ΝΗΡΕΥΣ Α.Ε.

Additional resolutions 1st Recurring Extraordinary Shareholders General Meeting

The company NIREFS CHIOS AQUACULTURES S.A. announced today that its 1st Recurring Extraordinary Shareholders General Meeting of July 30, 2005, approved unanimously the following items of the Daily Agenda:

1a) The actions, statements or announcements the BoD of the company or their authorized representatives made up to now, within the context of the procedure and for the purpose of the merger of the company NIREFS CHIOS AQUACULTURES S.A. by the absorption of the company FEEDUS S.A.;
1b) The relevant merger agreement draft of 5/5/2005 of the aforesaid merger, as it has been drawn up by the BoD of the companies and the restructuring balance sheet of 31.12.2004.

2. The share capital increase of the company and the relevant modification of Article 5 of its Articles of Association (re: addition of a paragraph as to the share capital increase of the company by:
a) the amount of the contributed share capital, amounting euro 7,841,631 of the absorbed company "FEEDUS S.A." through a simultaneous decrease by euro 4,432,778.1, due to the cancellation of shares that the absorbing company holds, viz. by euro 3,408,852.9
b) by the amount of euro 62,602.58 through the capitalization of reserves from the Share Premium Account and with the simultaneous decrease of the par value of the share from ?1.62 to euro 1.25 per share, i.e. by euro 0.37 per share.
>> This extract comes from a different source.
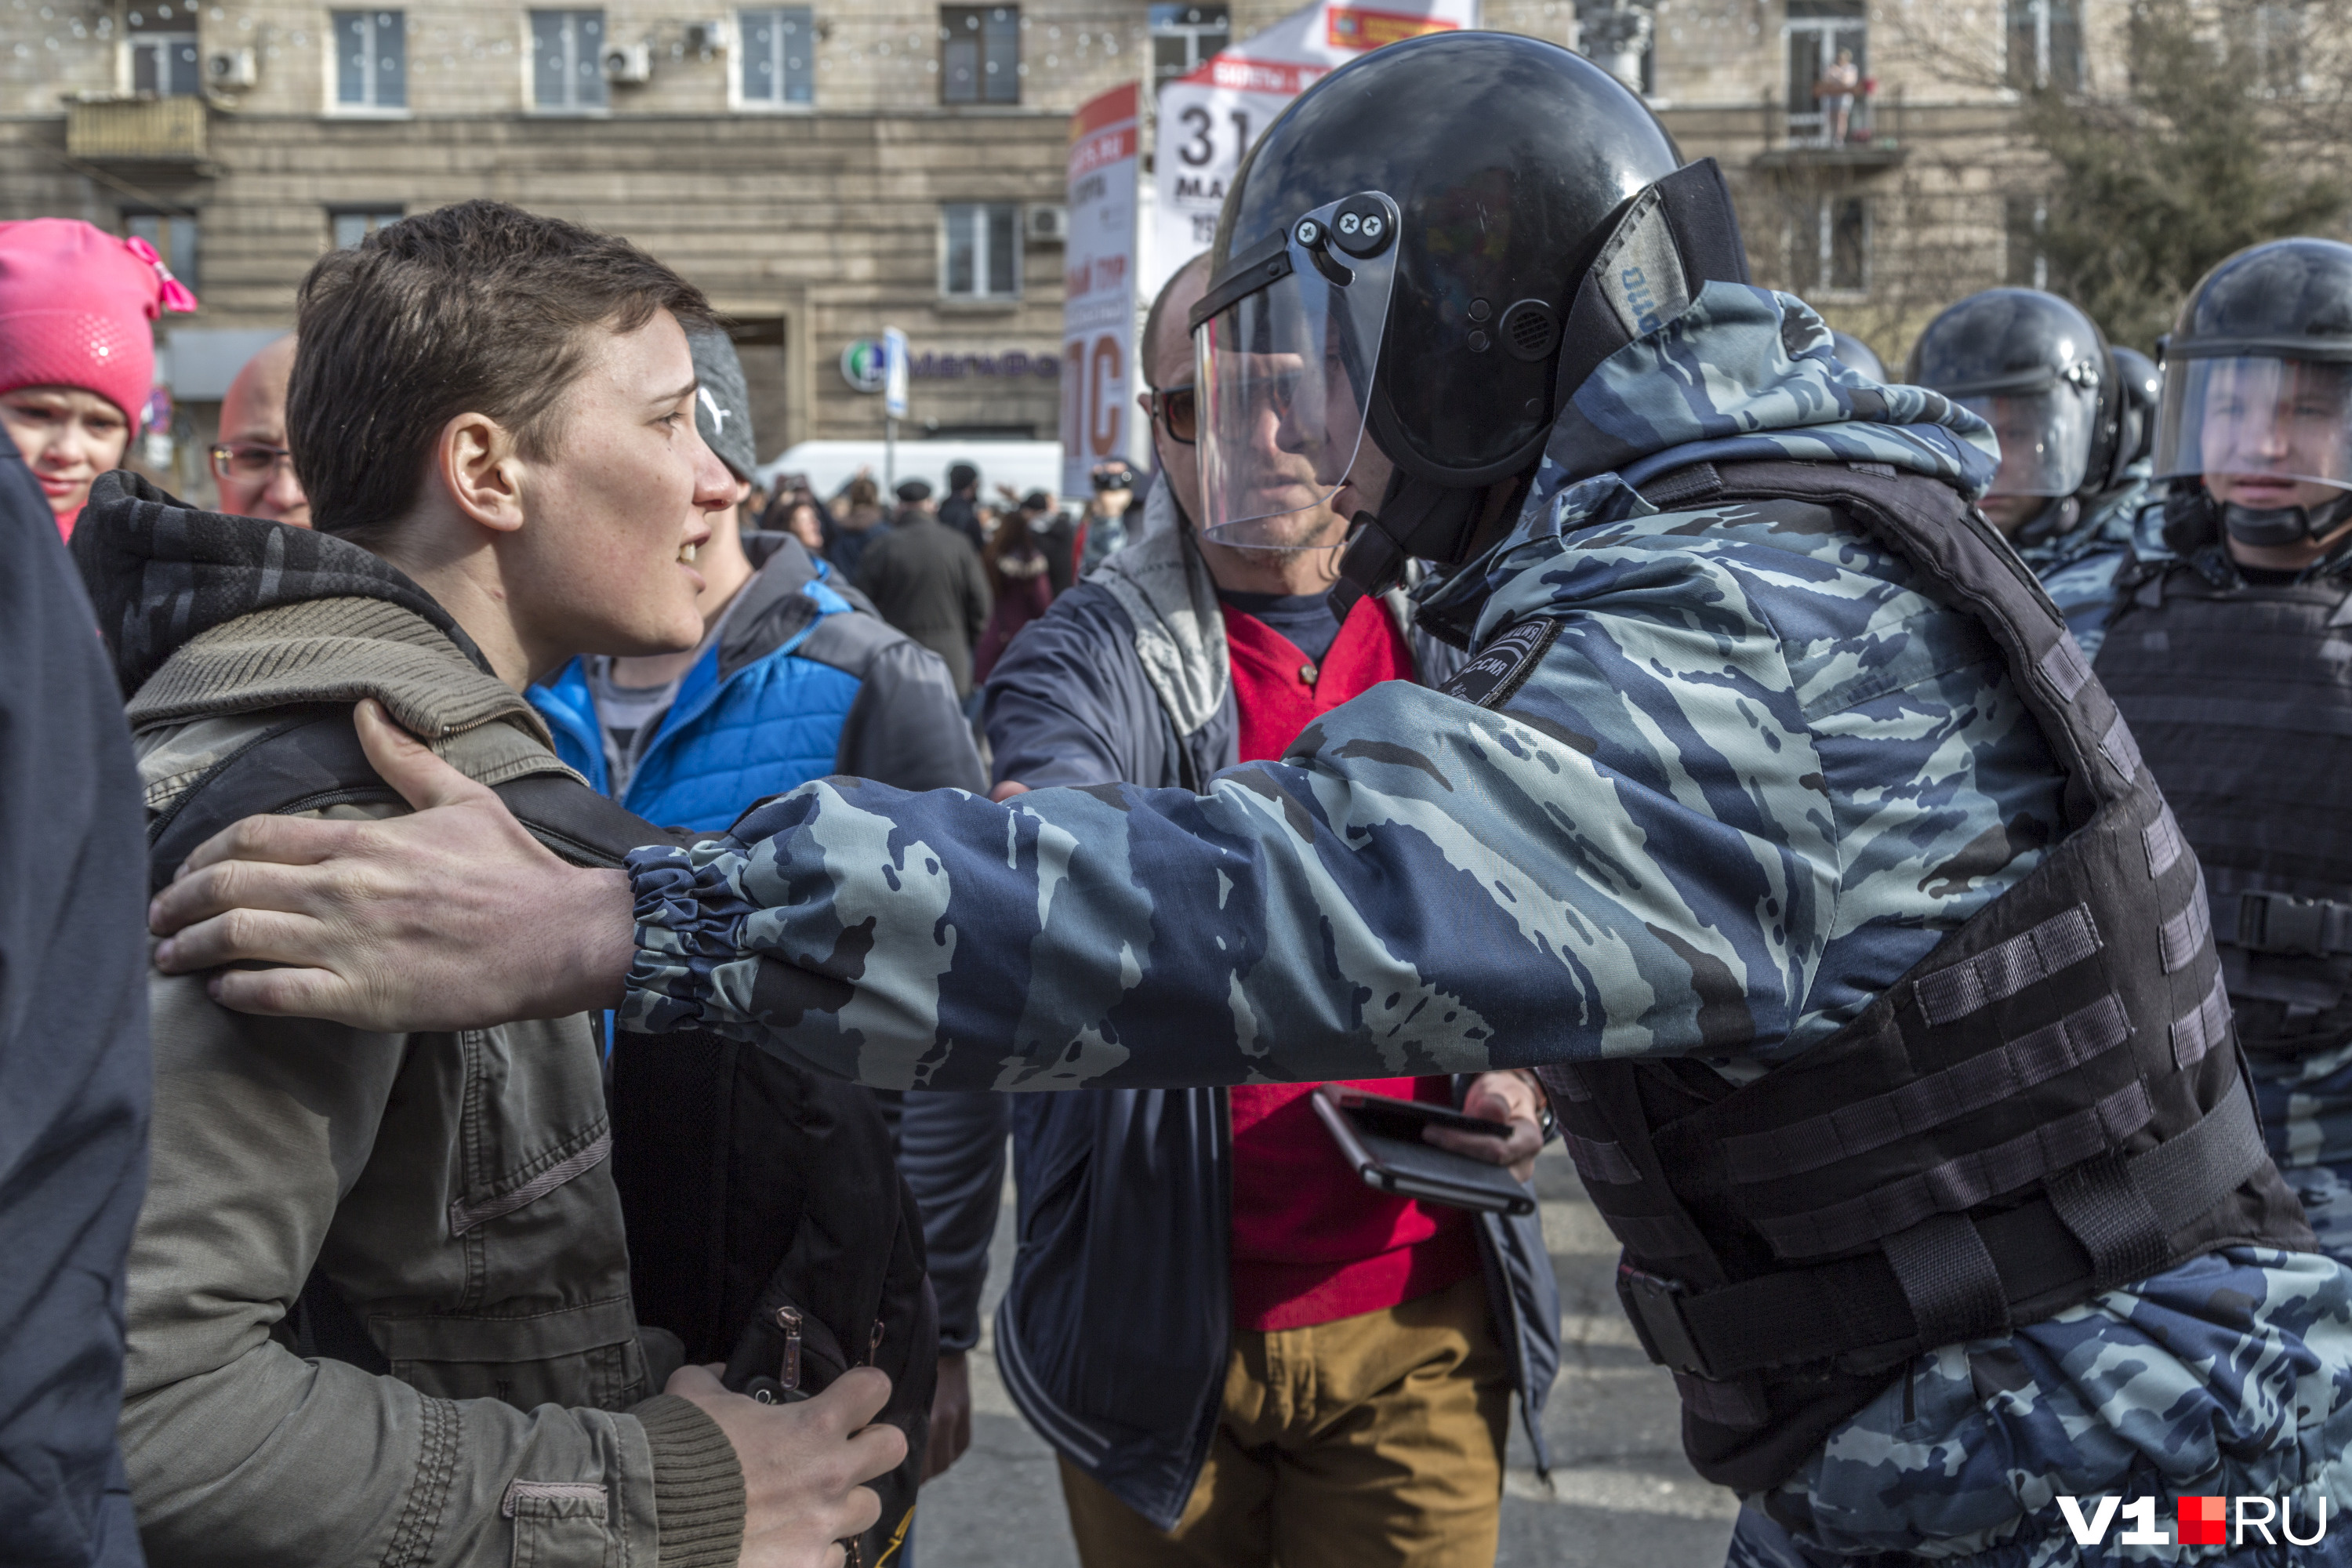 Дети на митинге навального. Молодежь на митинге. Молодежь на митингах Навального. Несанкционированный митинг. Дебилы на митинге.

Thus, the share capital of the company amounts to euro 50,460,642.50 and it is dividend into 40,368,514 common registered voting shares, of a par value of euro 1.25 each).

3. The authorization to: a) Mr.Aristidis Beles to sign on behalf of the company the notary deed pertaining to the merger of the company by the absorption of the company FEEDUS S.A. and take any other action required for the consummation of the said merger and b) to the BoD of the company to settle -at its own discretion-any fractional rights that might derive from the share capital increase of the absorbing company and during the shares' exchange of the merging companies.

4. The authorization to the BoD of the company to settle all the issues related to the granting of licences and approvals by the HCMC and the ATHEX, the drawing up and issue of the Prospectus of the company with respect to the aforesaid merger, the listing and trading of the shares of the absorbing company after the completion of the merger process and of any other relevant issue.

5. The modifcation of Article 1 (re: change in the trade name of the company from "NIREFS CHIOS AQUACULTURES S.A. to "NIREFS AQUACULTURES S.A." with the distinctive title "NIREFS S.A.").

6. The modifcation of Article 3 (re: addition and expansion of the purpose of the company due to the merger of the company by absorption of 'FEEDUS S.A.").